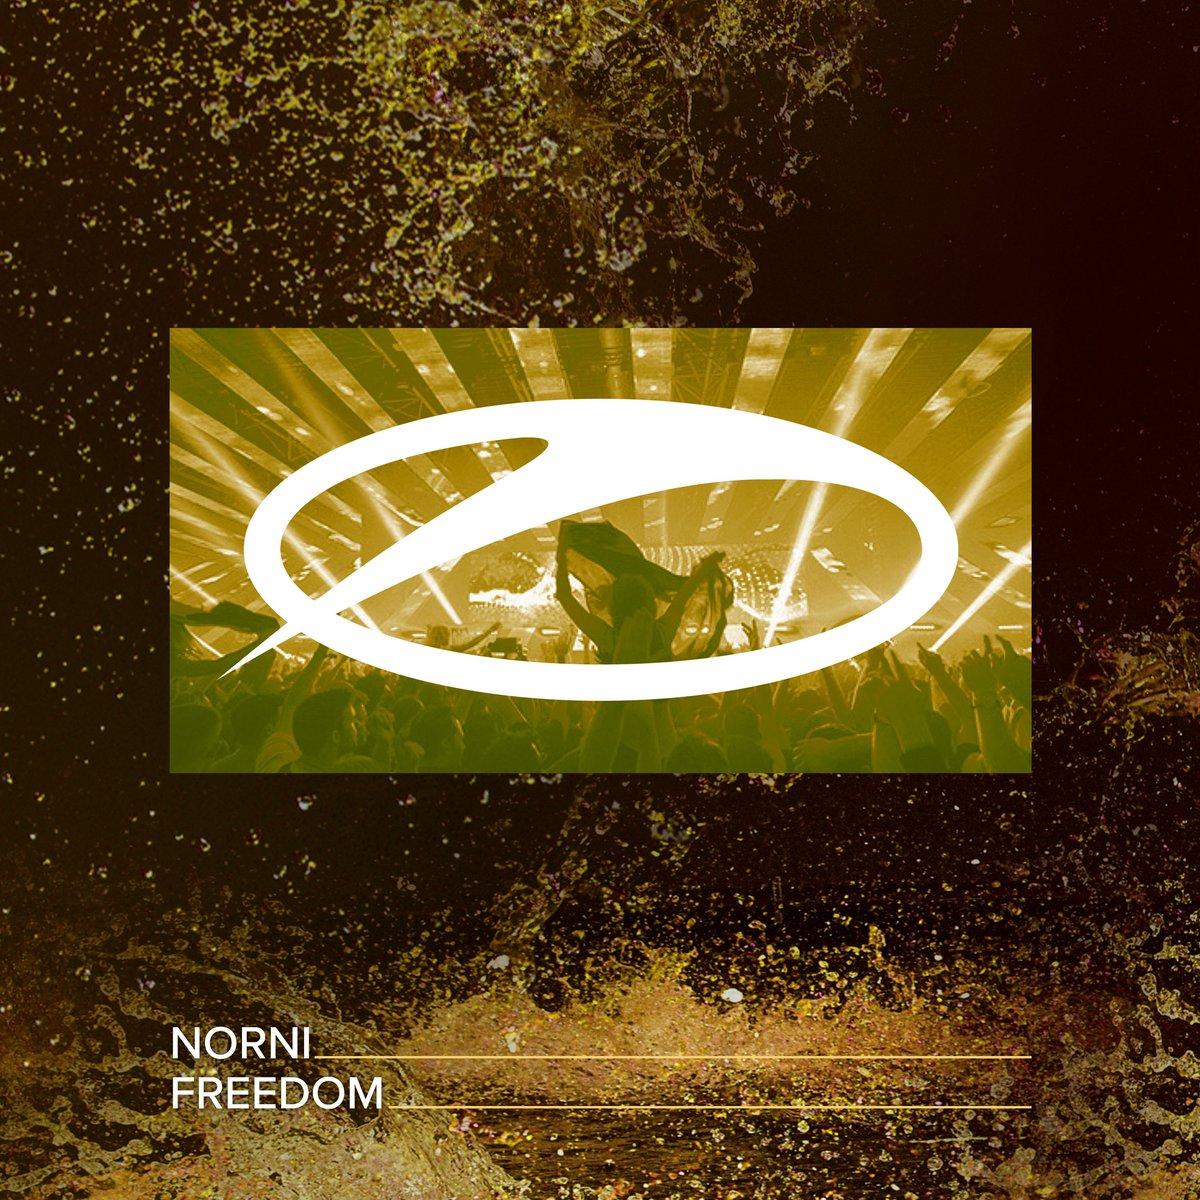 "The premiere of the video ""Freedom"" is already on YouTube! P.S. Link https://t.co/izgCzCXPpR  #trance #trancefamily #progressivehouse #progressivetrance #norni #nornimusic #edm #edmmusic #edmfamily #asot #arminvanbuuren  #armada #armind #Freedom https://t.co/wKiX9eELWV"
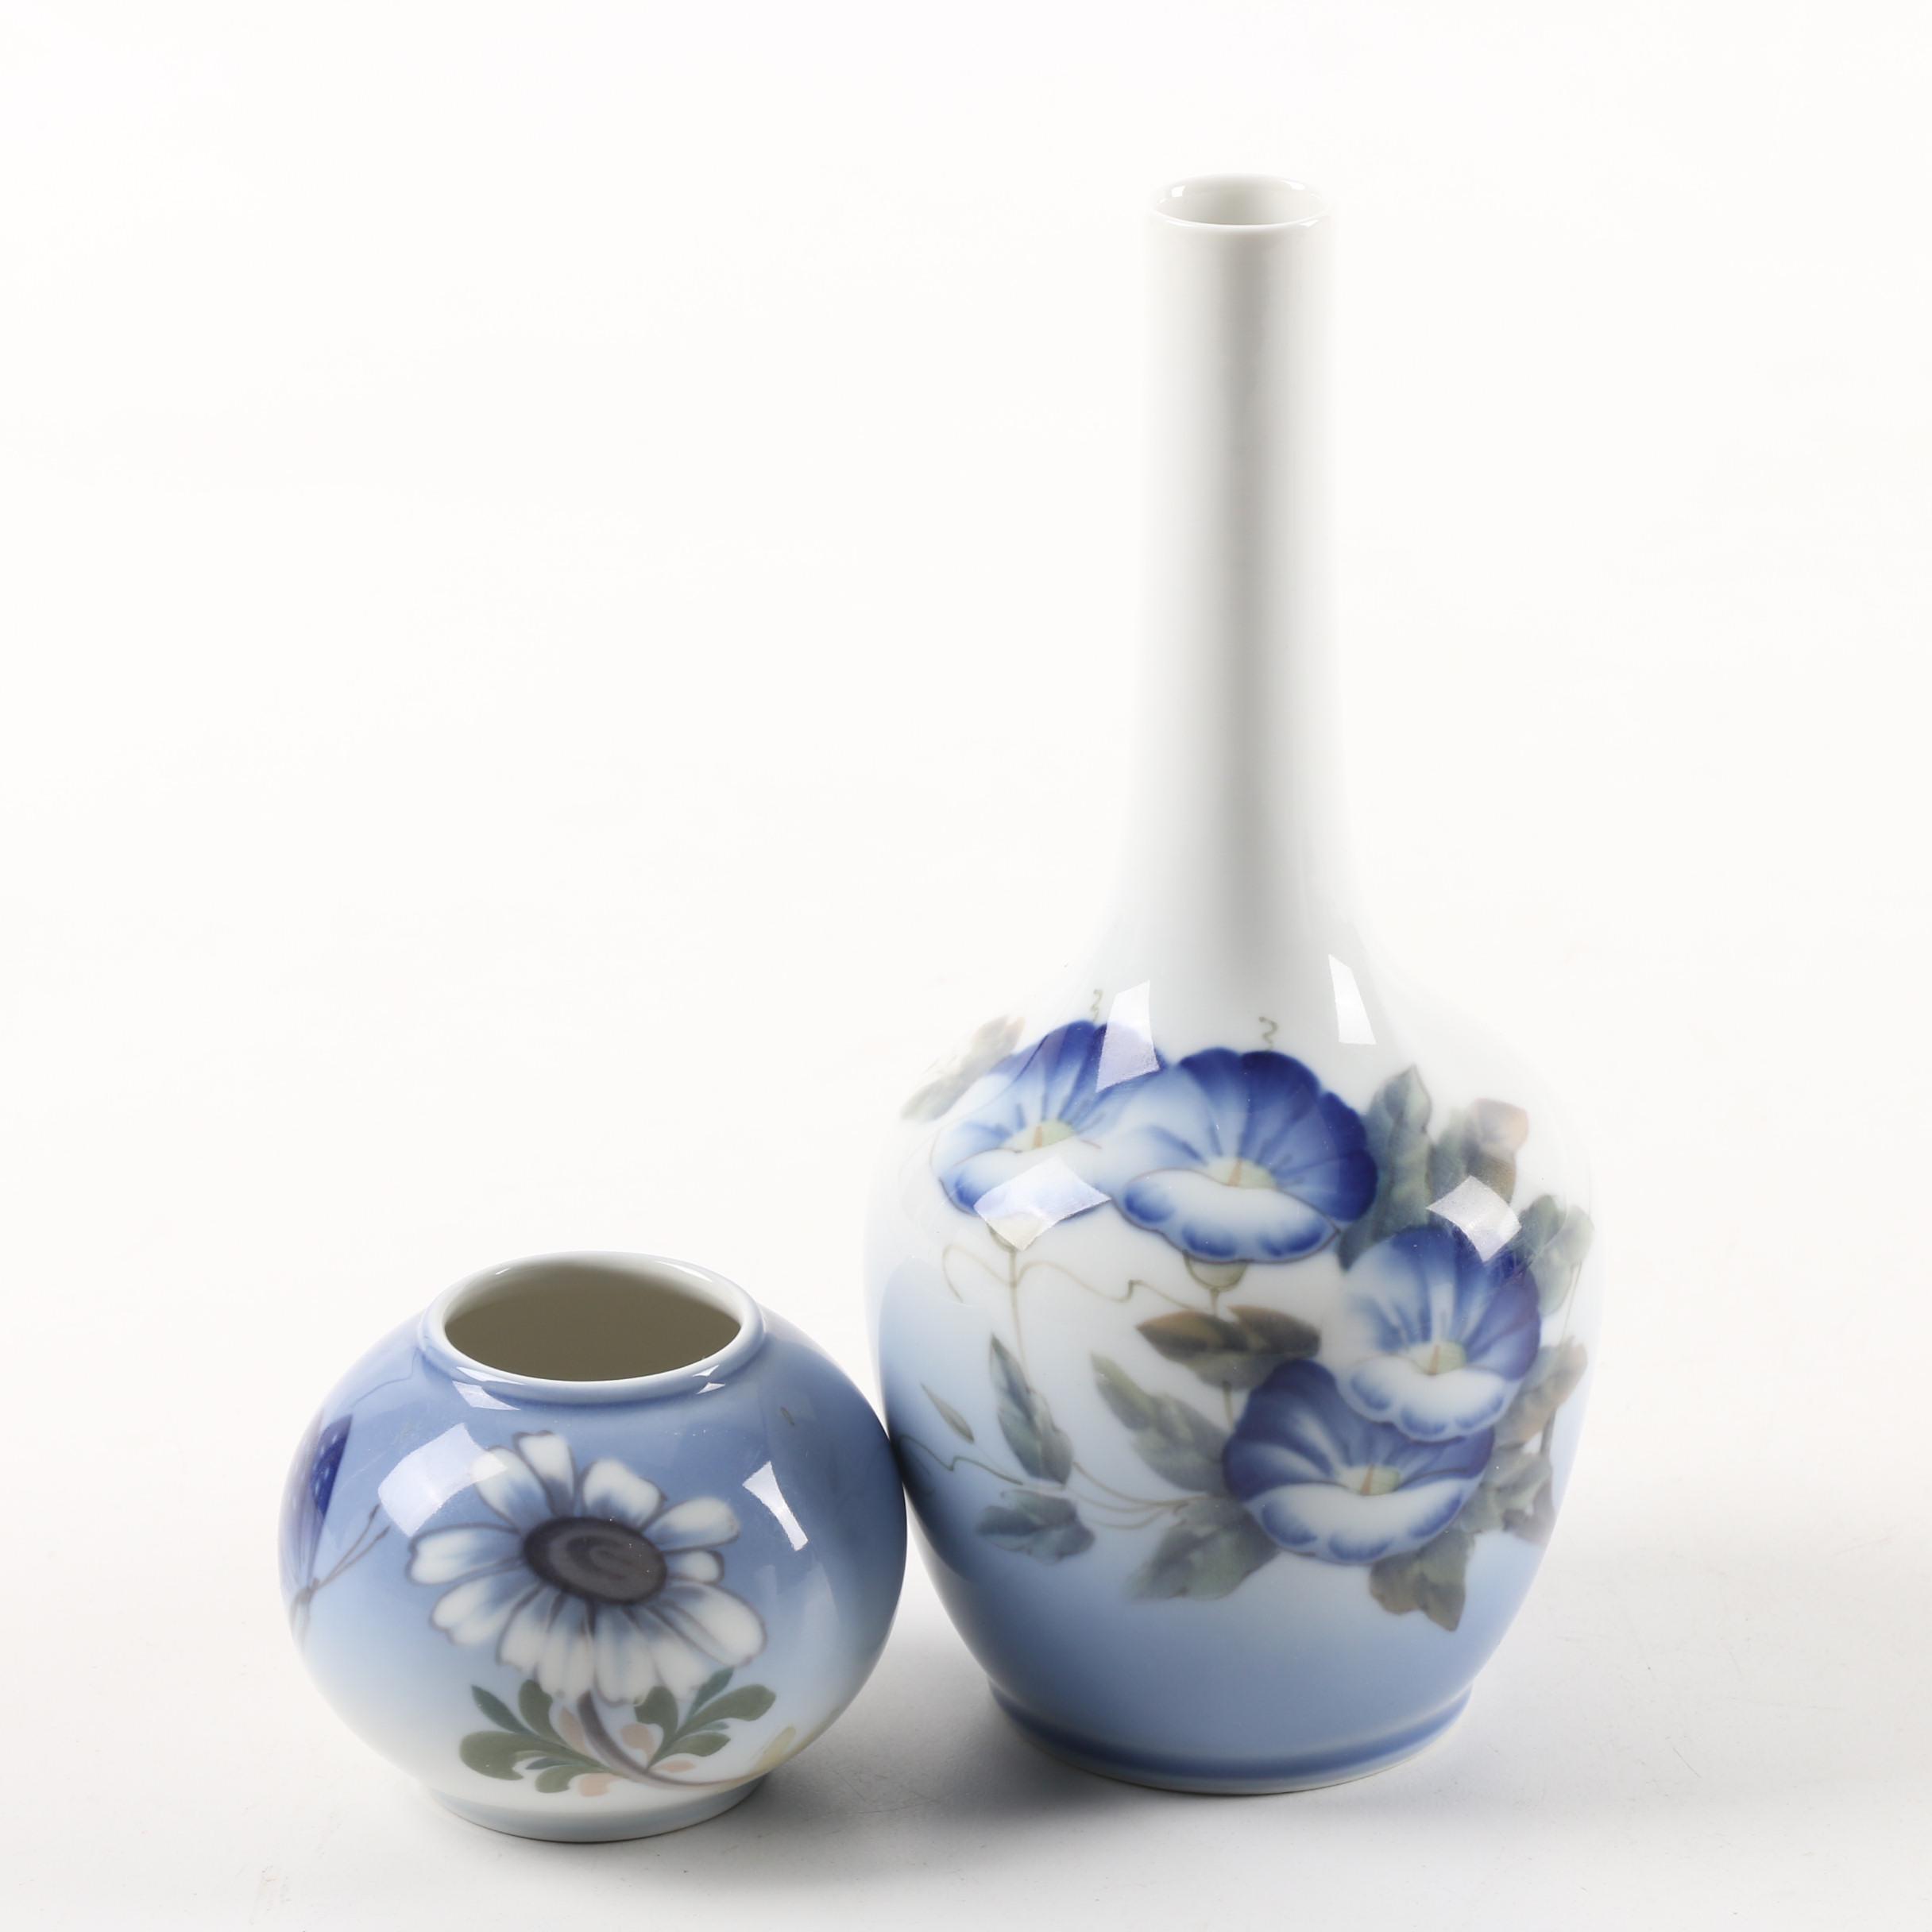 Royal Copenhagen Hand-Painted Floral Themed Porcelain Vases
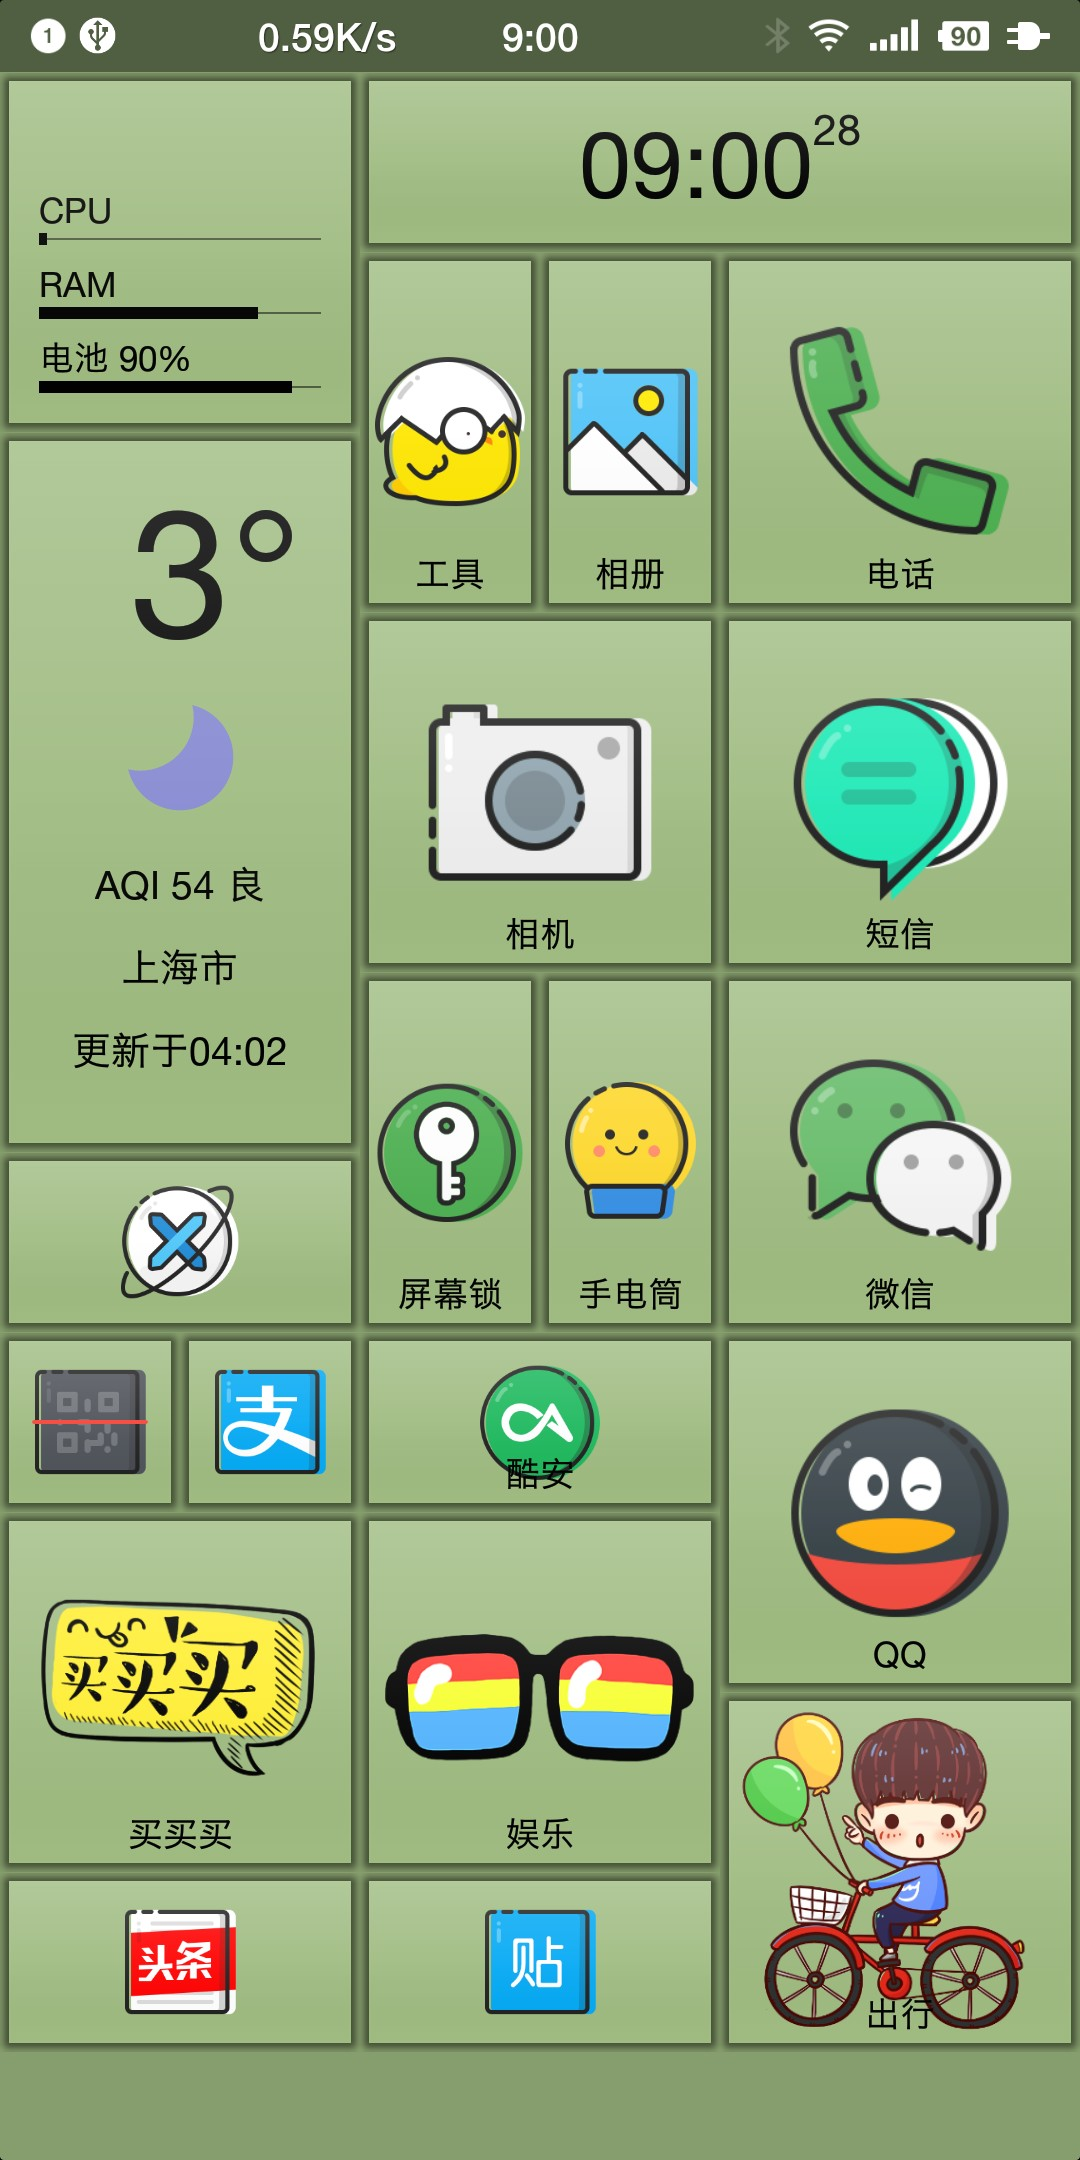 Screenshot_2018-01-10-09-00-29-085_???? 2.png

- Task instructions -
Transcribe the data word for word, with no images.

- Response below -
 "The premiere of the video ""Freedom"" is already on YouTube! P.S. Link https://t.co/izgCzCXPpR  #trance #trancefamily #progressivehouse #progressivetrance #norni #nornimusic #edm #edmmusic #edmfamily #asot #arminvanbuuren  #armada #armind #Freedom https://t.co/wKiX9eELWV"
 Royal Copenhagen Hand-Painted Floral Themed Porcelain Vases
 Screenshot_2018-01-10-09-00-29-085_???? 2.png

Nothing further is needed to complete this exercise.